Tari mengibaskan tanganya menolak tawaran Yudha. Namun akhirnya, ia menerima tawaran itu karena sebuah keter-paksaan, tidak ingin menimbulkan keributan di pagi begini.


"Mas Yudha, mau ke mana?" 


Tari spontan menoleh, pun dengan orang yang dipanggil namanya.


"Mas?" ulangi Tari. Rasanya mual sekali mendengar Randy memanggil suaminya dengan sebutan 'Mas'. Sehari semalam menginap, baru pagi ini Tari tahu bahwa suaminya dipanggil dengan sebutan itu. Tari memilih terserah, ada hal lebih penting daripada memikirkan itu, meski tak dipungkiri tergangu juga.


"Kak, tunggu di rumah ya?
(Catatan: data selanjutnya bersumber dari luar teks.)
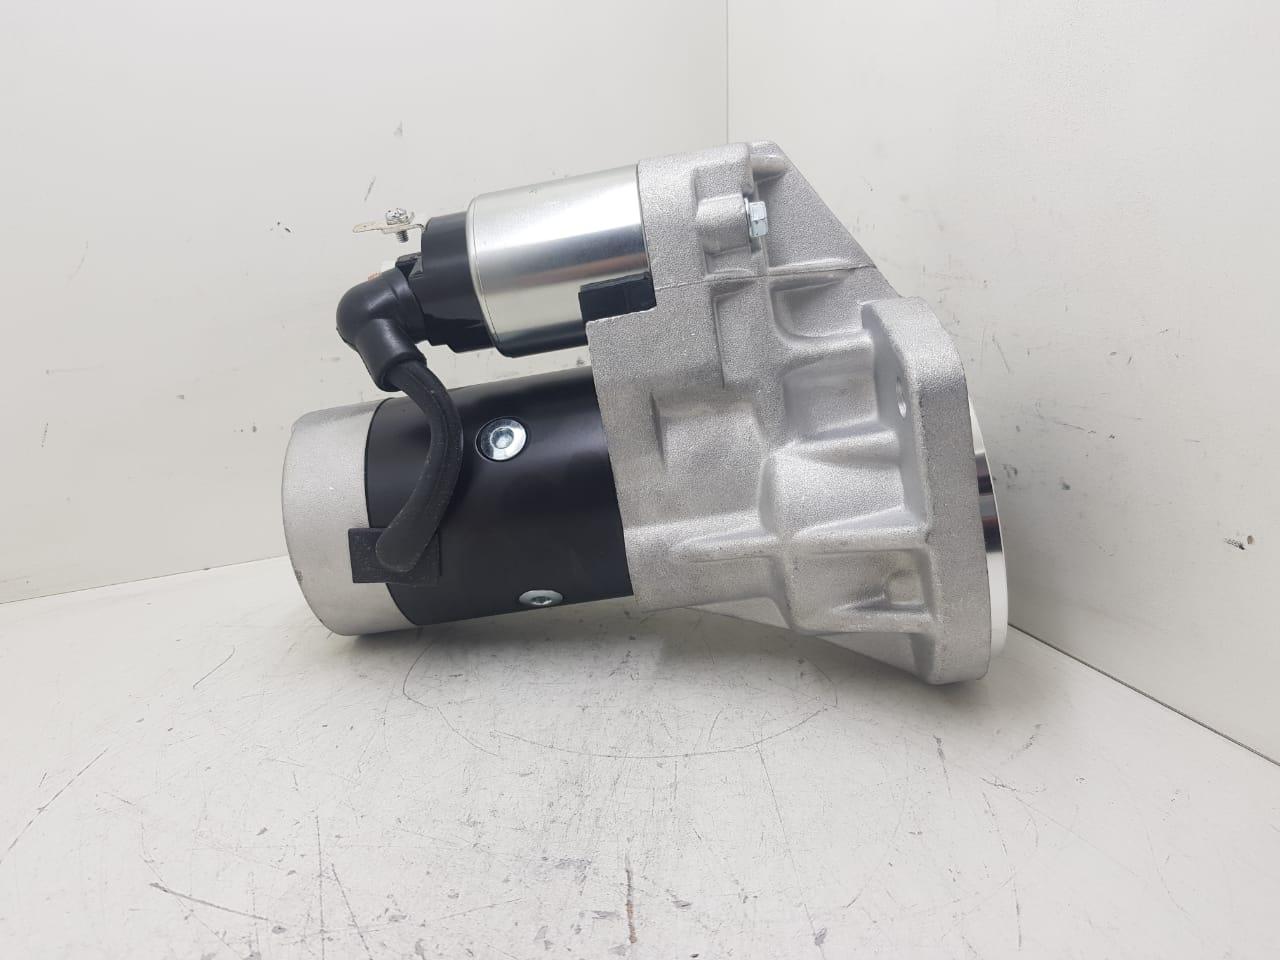 Motor de arranque Thermoking Nissan Motor FRONTIER NAVARA 2.7 D21 D22 TD27 HITACHI 12V 9 DENTES LE13050111  S13106 S13106 98601031 2130726 0113106 HXS020 0986016031 110574 S30726 11903 AEC17015

Aku mau antar Tari dulu ke terminal, dia mau pulang ke Solo." Setelah menyahuti Randy, Yudha buru-buru membawa Tari masuk ke dalam mobil.


Pikiran kalut membuat Tari tak mengeluarkan suara ketika berada di dalam mobil, pun dengan Yudha yang sepertinya menjaga pembicaraan. Walhasil, sepanjang perjalanan hanya bisa dihitung dengan jari kata yang mereka keluarkan.


"Kayaknya Mama nggak tertarik ngomong sama Abang." Akhirnya Yudha mengelurkan juga pertanyaan sesampainya mereka di terminal.


"Tari harus ngomong apa, Bang? Bukannya Abang yang kayaknya nggak tertarik ngomong sama Tari?" Telak, pertanyaan balik yang Tari lontarkan sampai Yudha terdiam bersama riak wajah tak mengenakan.


Hanya sampai di sini Yudha mengantar istrinya itu. Kini, Tari pergi seorang diri tanpa Yudha menemani. Bukan tidak sakit, tapi … ya sudahlah.


Datang ke Solo, Tari langsung menuju rumah sakit di mana ayahnya sedang terbaring dalam keadaan kritis.


Namun, baru dua jam berada di sana kabar duka menyambutnya.  Sang Ayah berpulang ke Hariban Ilahi setelah kritis selama 4 jam.


Lengkap sudah kesedihan hati Tari hari ini. Dalam keadaan kalang-kabut begitu ia menghubungi suaminya untuk mengabarkan kepergian ayahnya, tapi suaminya itu justru tak menerima telepon, lebih parah tidak bisa dihubungi di detik berikutnya.


Menyungai air mata Tari akan kekecewaan yang ia terima untuk kesekian kali.